The local sports team that you follow is very talented. Many analysts predict that the team will compete for and even win the league championship. Instead, the team loses at some point during the playoffs. As a fan, should you consider the season a failure? In fact, a sportswriter in Boston posed this question to his readers in early December: would anything less than a championship or a trip to the Super Bowl for the football Patriots be enough to save the season from being a “failure” for the fans? The readers’ consensus was that it would indeed be a failure. Your answer to this question is significant, not for itself, but for how you live your work and non-work life.

The Average Upbeat Days Index

I would propose that this all-or-nothing view makes no one happy except for the talking heads of sports radio.
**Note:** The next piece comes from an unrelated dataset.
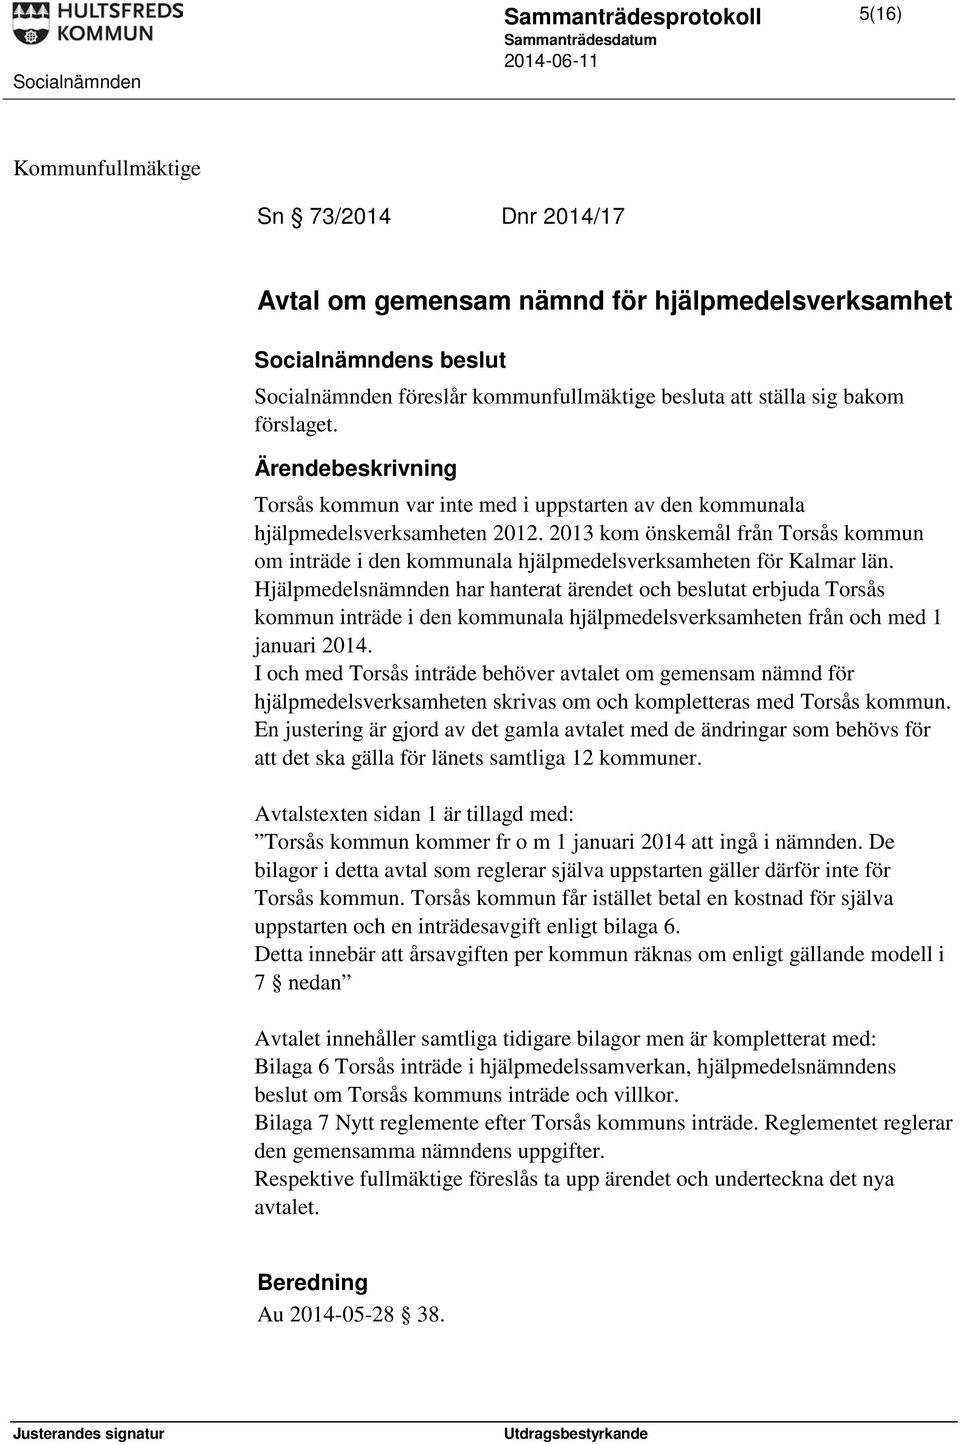 Hjälpmedelsnämnden har hanterat ärendet och beslutat erbjuda Torsås kommun inträde i den kommunala hjälpmedelsverksamheten från och med 1 januari 2014.

Rather, a fan should adopt a much different perspective. If you invest yourself in a team and identify with it, much of the pleasure you have throughout the season is in your head. The positive feelings you have after a win, the eager anticipation with which you contemplate the odds that your team will win the next game, and the sense in between games that your team will be in the playoffs, all make you feel good or at least excited. If your team eventually loses a playoff game (as all but one team will) you will be disappointed – at that time. The loss, no matter how badly you take it, no matter how gloomily your favorite columnist couches it, cannot retroactively take away the pleasure you had at the time.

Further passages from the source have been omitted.